Empty Benches (from the Boston Review)

There’s a story told about Joe McCarthy—not the right-wing senator from Wisconsin, but the manager of the great New York Yankees teams of the 1930s and ’40s. McCarthy dreamed that he had died and gone to heaven, where St. Peter told him to assemble an all-star team. McCarthy was excited: he’d have Christy Mathewson and Walter Johnson, Honus Wagner, Lou Gehrig. Just then, the phone rang. It was Satan challenging McCarthy to a game. “You haven’t got a chance of winning,” McCarthy exclaimed. “I’ve got all the players.” “Oh, I know that,” Satan answered. “But I’ve got all the umpires.”

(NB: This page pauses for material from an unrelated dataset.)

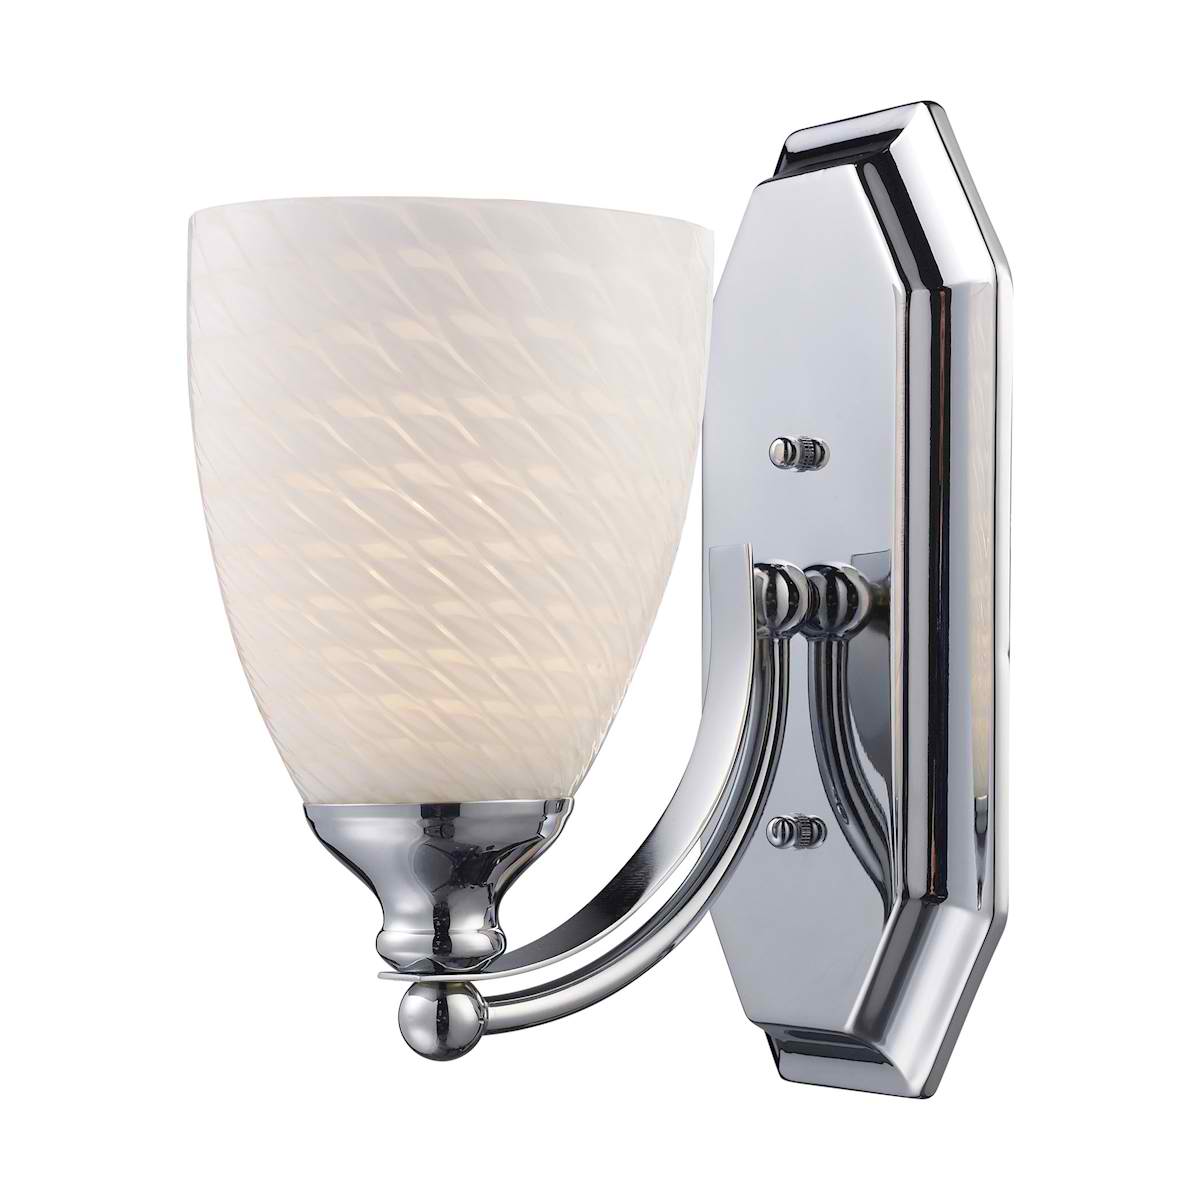 Vanity 1 Light Chrome Finish Complete with White Swirl Glass

The umpire can have a huge impact on how the game turns out, as the Supreme Court’s self-described umpire-in-chief, John Roberts, has shown. But the chief justice ignores this when he celebrates the fact that today’s Court is the first without even a single justice who has served in elective office, claiming that drawing on the lower courts for justices—as opposed to drawing on Congress, governors’ offices, and the Cabinet—has shifted the Court from “fluid” considerations of “policy” to the “more solid grounds of legal argument.” In the Affordable Care Act cases, where the Court narrowly upheld the individual mandate while imposing new and potentially significant limitations on Congress’s commerce and spending clause powers, he wrote that the Justices

possess neither the expertise nor the prerogative to make policy judgments. Those decisions are entrusted to our nation’s elected leaders, who can be thrown out of office if the people disagree with them. It is not our job to protect the people from the consequences of their political choices.

But given how much judges influence policymaking, one of the most important consequences of the people’s political choices is the composition of the courts themselves—and not just the Supreme Court. This past term, the Supreme Court issued opinions in 65 cases after oral argument, the fewest since 1953–4, when it decided Brown v. Board of Education. But the federal courts of appeals disposed of more than 57,000 cases in the year ending last September, and the federal district courts of more than 300,000. The judges serving on these lower courts have tremendous leeway on a range of matters, from sentencing individuals in federal criminal cases to determining whether a plaintiff’s claim of discrimination is plausible enough to proceed to discovery and trial. Federal laws and policies concerning everything from consumers’ rights to privacy to labor protections are enacted by our nation’s elected leaders, yet they often are only as effective as the judges who apply them, case by case.